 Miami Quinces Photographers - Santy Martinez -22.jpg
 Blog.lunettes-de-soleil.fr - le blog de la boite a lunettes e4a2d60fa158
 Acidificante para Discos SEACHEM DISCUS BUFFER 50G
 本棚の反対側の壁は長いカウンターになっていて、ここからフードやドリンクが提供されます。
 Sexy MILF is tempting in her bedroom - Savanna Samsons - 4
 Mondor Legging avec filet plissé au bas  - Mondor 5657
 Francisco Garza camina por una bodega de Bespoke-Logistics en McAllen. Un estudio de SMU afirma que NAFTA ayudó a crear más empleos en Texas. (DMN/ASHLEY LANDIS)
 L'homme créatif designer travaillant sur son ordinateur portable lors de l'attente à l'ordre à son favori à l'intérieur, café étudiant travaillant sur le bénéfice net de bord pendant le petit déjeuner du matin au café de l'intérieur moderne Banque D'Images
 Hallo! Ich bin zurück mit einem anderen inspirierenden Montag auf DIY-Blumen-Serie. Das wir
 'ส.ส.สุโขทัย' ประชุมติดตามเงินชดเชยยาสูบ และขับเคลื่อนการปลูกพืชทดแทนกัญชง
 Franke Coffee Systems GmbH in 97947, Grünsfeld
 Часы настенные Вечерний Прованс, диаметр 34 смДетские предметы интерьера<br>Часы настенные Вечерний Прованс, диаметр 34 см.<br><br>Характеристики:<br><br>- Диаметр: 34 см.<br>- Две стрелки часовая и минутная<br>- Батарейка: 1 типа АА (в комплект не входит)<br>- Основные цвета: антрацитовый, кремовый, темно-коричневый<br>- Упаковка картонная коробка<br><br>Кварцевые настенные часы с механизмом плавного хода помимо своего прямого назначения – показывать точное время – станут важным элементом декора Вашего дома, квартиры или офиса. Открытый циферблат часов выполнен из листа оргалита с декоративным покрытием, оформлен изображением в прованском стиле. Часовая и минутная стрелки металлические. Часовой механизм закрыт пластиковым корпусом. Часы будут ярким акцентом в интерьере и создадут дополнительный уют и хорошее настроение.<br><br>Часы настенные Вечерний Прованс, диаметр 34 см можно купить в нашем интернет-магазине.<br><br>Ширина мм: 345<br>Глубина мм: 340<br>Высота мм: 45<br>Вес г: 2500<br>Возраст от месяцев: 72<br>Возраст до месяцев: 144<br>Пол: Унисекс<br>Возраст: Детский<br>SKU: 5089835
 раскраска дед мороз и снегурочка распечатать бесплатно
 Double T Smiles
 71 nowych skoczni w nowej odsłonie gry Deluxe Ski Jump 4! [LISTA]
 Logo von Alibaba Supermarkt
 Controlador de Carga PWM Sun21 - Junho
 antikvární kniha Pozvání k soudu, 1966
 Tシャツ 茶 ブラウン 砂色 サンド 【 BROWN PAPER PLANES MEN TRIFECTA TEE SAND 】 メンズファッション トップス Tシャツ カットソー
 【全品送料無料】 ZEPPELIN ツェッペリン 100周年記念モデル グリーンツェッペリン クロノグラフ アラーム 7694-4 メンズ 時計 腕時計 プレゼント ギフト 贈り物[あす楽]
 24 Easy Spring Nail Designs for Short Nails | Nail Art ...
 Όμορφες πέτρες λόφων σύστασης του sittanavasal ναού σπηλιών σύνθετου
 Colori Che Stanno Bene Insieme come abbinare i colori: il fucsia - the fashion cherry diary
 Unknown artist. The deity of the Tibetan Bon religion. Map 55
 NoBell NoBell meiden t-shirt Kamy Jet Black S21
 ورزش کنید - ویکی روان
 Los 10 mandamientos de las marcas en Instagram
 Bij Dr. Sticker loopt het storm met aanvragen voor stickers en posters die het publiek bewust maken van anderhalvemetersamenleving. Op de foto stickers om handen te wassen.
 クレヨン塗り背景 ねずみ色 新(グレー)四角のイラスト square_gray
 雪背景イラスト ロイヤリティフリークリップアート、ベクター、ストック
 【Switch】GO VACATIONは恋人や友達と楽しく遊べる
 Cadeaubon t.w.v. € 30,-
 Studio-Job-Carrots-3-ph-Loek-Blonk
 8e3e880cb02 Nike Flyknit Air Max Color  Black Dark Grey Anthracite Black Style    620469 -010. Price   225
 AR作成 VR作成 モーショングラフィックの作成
----------
> _Task directions_: Report the number of lines, in the entries above, that contain the word "Black", without any other text.

> _Response to this exercise_: 2